SM: It’s very simple. He said, “Okay Simon, you’re free to go, it’s your life, but you are never allowed to fall.” This is a very simple sentence but he is absolutely right. If you don’t fall, you’re not in danger or at least not that much, and if you handle your climbing and you know exactly where to stop, you’re quite safe. It is a simple rule, but it will be with me for my whole life and my adventures.

WTI: Your favourite expedition story?
SM: It was four years ago when I was in Pakistan—together with good friend Martin Sieberer, we climbed for nearly three days to reach the summit of an unclimbed peak. It was quite dark and it started to rain and snow and there were strong winds. We were covered in fog and had no idea where to go, and there was this short moment when we were looking into each other’s eyes and we both knew it was getting really dangerous. We had to be ready, careful, and pay attention. And without saying anything, it was clear, just by looking into each other’s eyes. It was a powerful moment.

WTI: What brought you into film-making?
SM: I was studying molecular biology, something very different, and most of my time was inside my laboratory. It was very interesting but it was not my life. Then one day my father came to my room and said, “Simon, why are you not doing mountain films, it’s much more interesting.” And I said, “Yeah, why not? Why not try?” We are both no experts in film-making, but we know the history of climbing and so we started to produce our first documentary. As of today, we have done more than 10 movies and our goal was and still is to make the audience see and know how alpinism developed. Alpinism is a very long tradition, especially in the Alps, and so it’s important to pass this knowledge and also the way of thinking to the future generations.

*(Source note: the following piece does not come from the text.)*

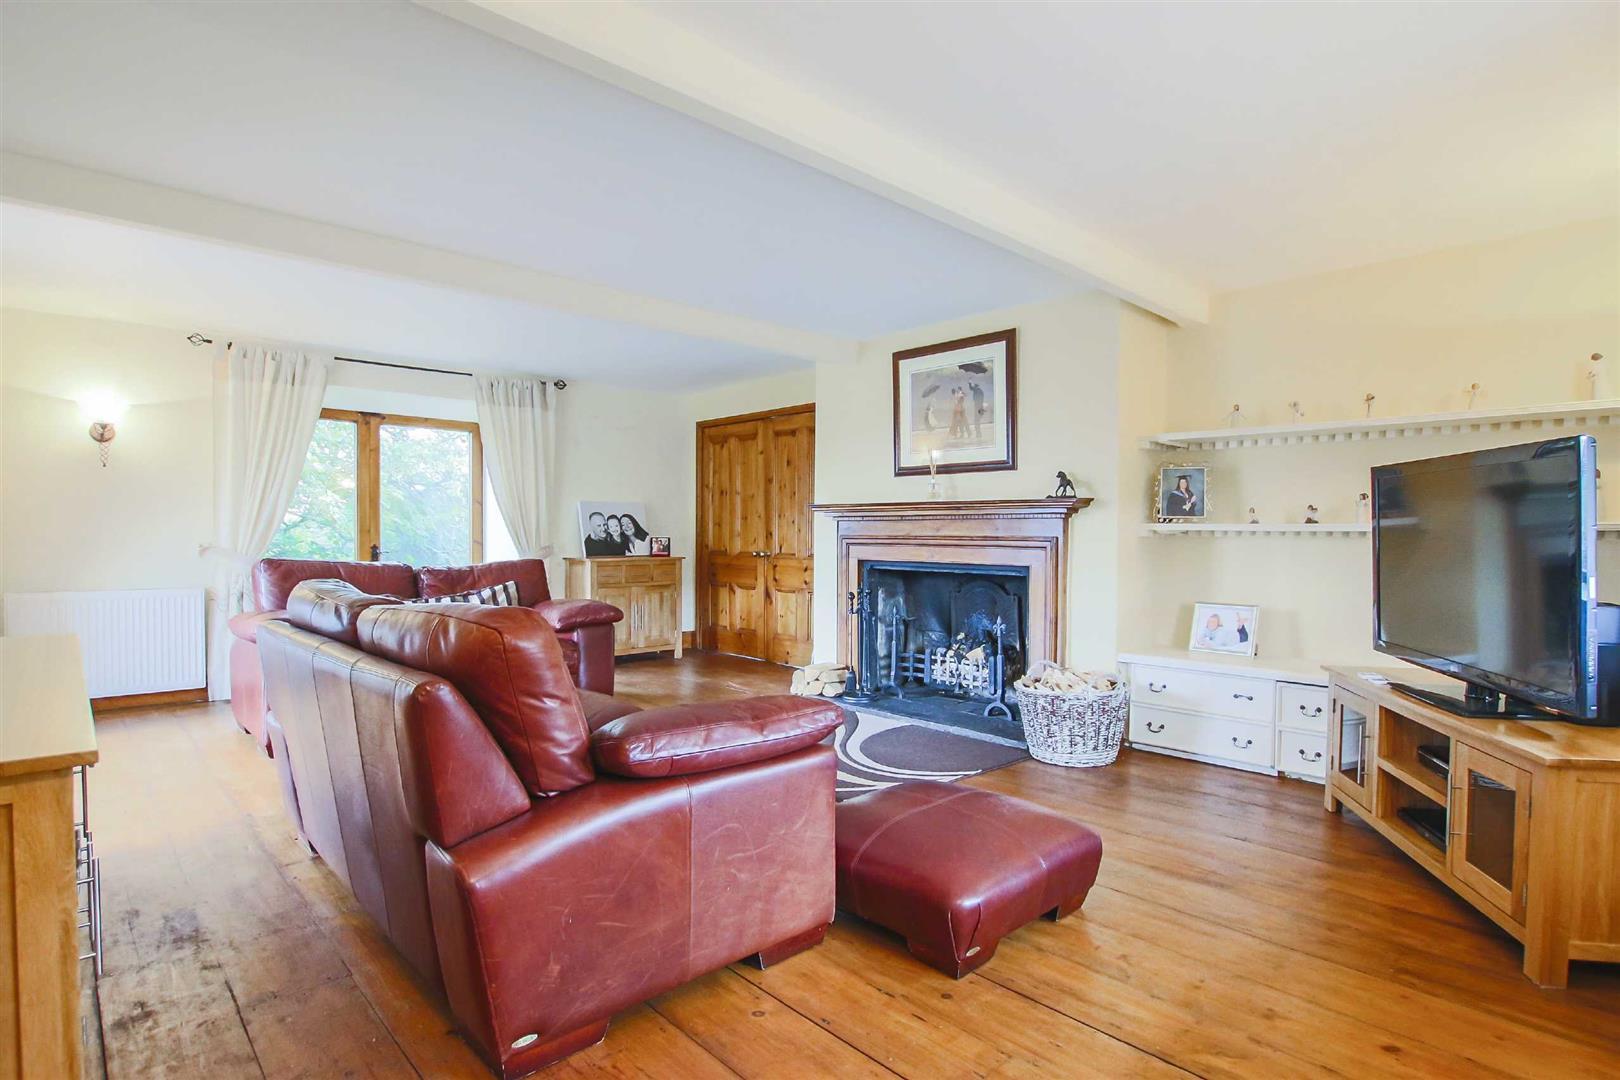 5 Bedroom Barn Conversion For Sale - p026519_19.jpg

WTI: What keeps you calm and motivated on an expedition?
SM: When you go on an expedition you think of the mountain for years. The motivation is always there, but it’s just not easy to stay calm. It is something that I learned over the years and it may sound funny but if you’re going to climb a mountain, most of the time it is just sitting around and waiting. And this, for me at least, is much more difficult. You can go out of the tent and do something but the waiting is the most difficult thing 
It is something I and every alpinist had to learn.

Simon finished 7th in the Antarctic Ice Marathon, along with another adventure enthusiast, Laurent Lecamp, Managing Director, Watch Division, Montblanc.

This story first appeared in WatchTime India's January 2024 print issue.